I don't know of any AUR helpers that have their own tool for viewing PKGBUILDs.

wis wrote:

I currently use yay. I think it uses less as a pager or $PAGER which I would like it to be vim at some point in the future...

So you are waiting for the author of yay to take your choice away and force everyone to use vim so you don't have to simply set an environment variable to view the PKGBUILD how you want?

As I said in my previous post, it is currently trivial to set a vim syntax highlighting rule to highlight characters outside the ASCII range.  You don't need anything on aurweb to change in order to do this.

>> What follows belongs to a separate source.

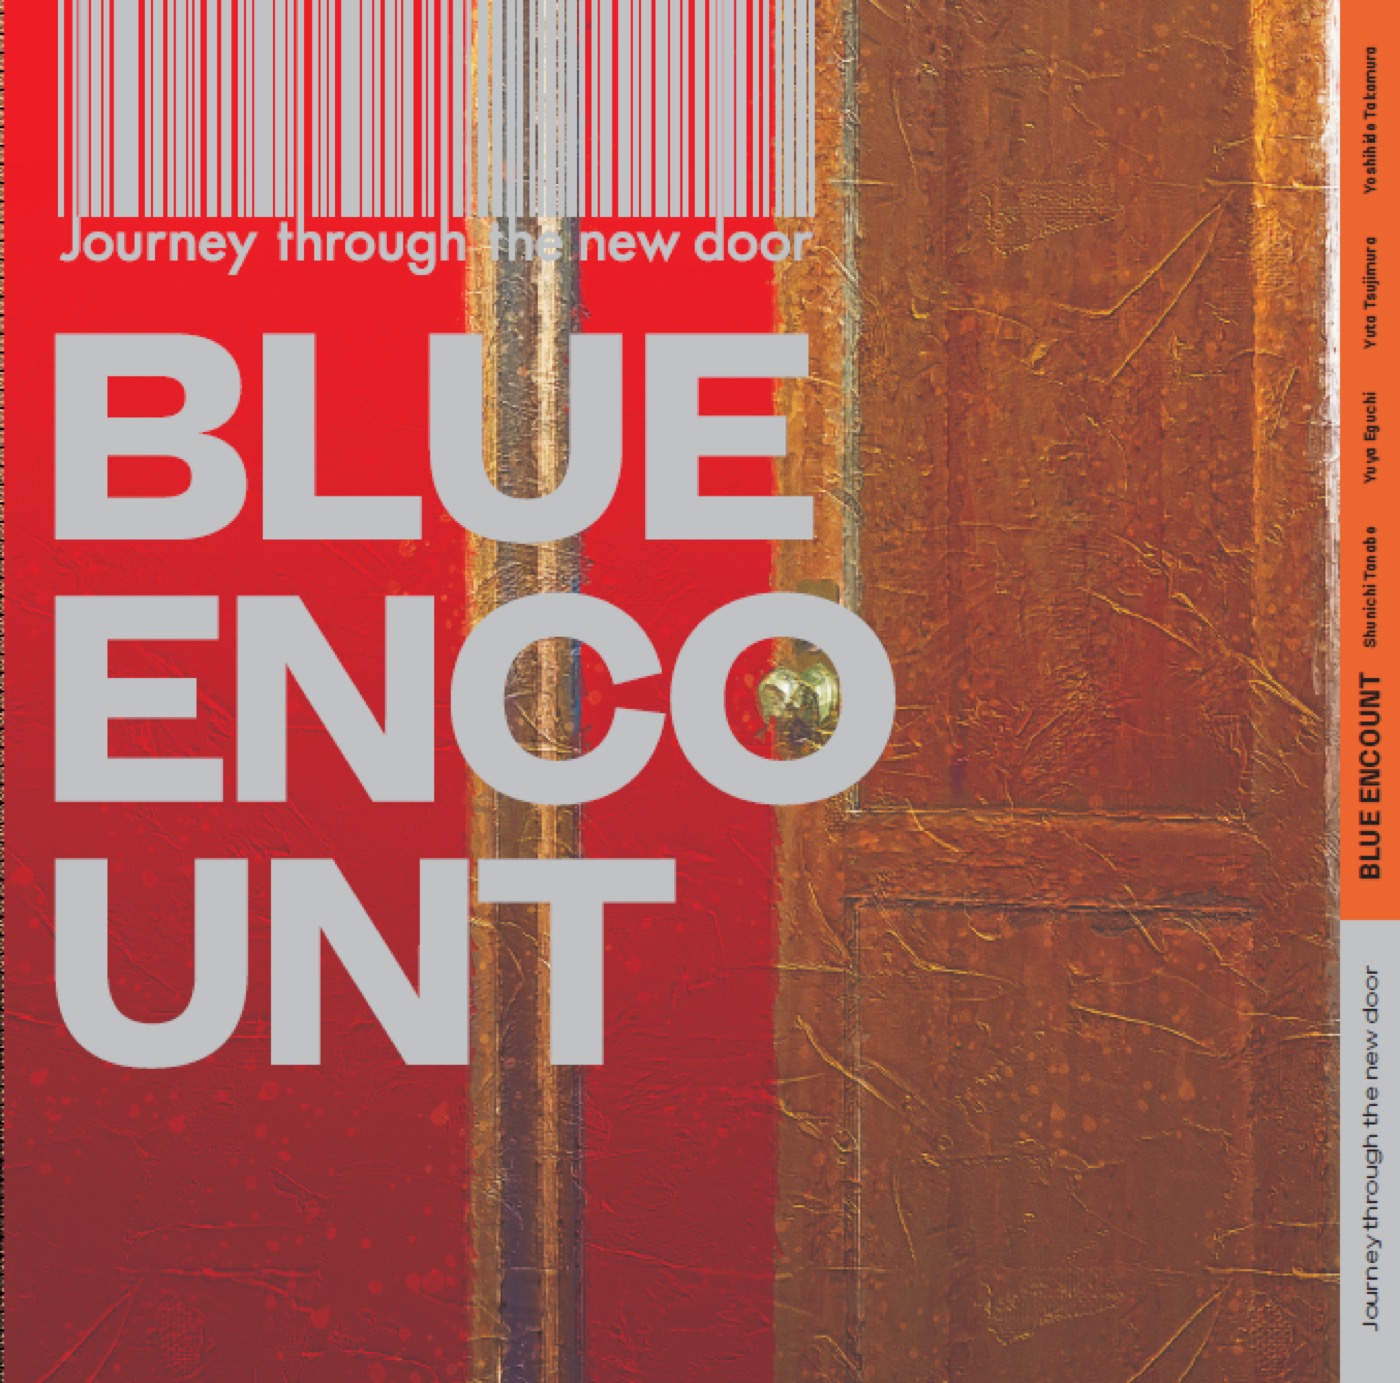 BLUE ENCOUNT、ミニアルバム『Journey through the new door』ジャケット写真を公開

No, that's not what I was saying, at all, my bad for not writing as clearly as I should have. I should've wrote "all is needed for me to do" and that my ideal choice of Pager for everything is vim.
I'm not advocating forcing change to anyone's choices. but I want this discussion to happen.
I think I know how I can do it, Vim has a -c option, which can be used to enable a plugin, I can make a wrapper script for yay and set
PAGER='vim -R -c ":enablePkgViewPlugin" -' before calling yay.


ayekat wrote:
wis wrote:

think it's a real concern, it should be implement in aurweb then AUR helpers will follow suit.

How do you implement this in aurweb? You would either need to parse the PKGBUILD (which is a big no-no) to determine what part of the displayed file is the source array, or you would just display the entire file in Punycode, which has some odd side effects (comments, or maintainer names). Not to mention that the file would then no longer be displayed as-is, which I would strongly oppose.

to my knowledge punycode encoding is only for the (IDN) domains, so only the domain part of the source URL would be rendered differently.
I thought that PKGBUILD's $source var naming is standard, isn't it?

ayekat wrote:

How do you implement this in aurweb?

from this repo search: https://github.com/lfos/aurweb/search?q … =highlight
it looks like aurweb use highlight:
http://www.andre-simon.de/doku/highligh … hlight.php
an extensible highlighter, one way, as goeb mentioned, is to highlight Unicode characters in the domain parts of URLs by wrapping them in span elements with a different css color than the URL's.

ayekat wrote:

And what should they do, exactly?

punycode encode the domain part of URLs in the $source var of the PKGBUILD in a temporary copy, before opening it with the pager.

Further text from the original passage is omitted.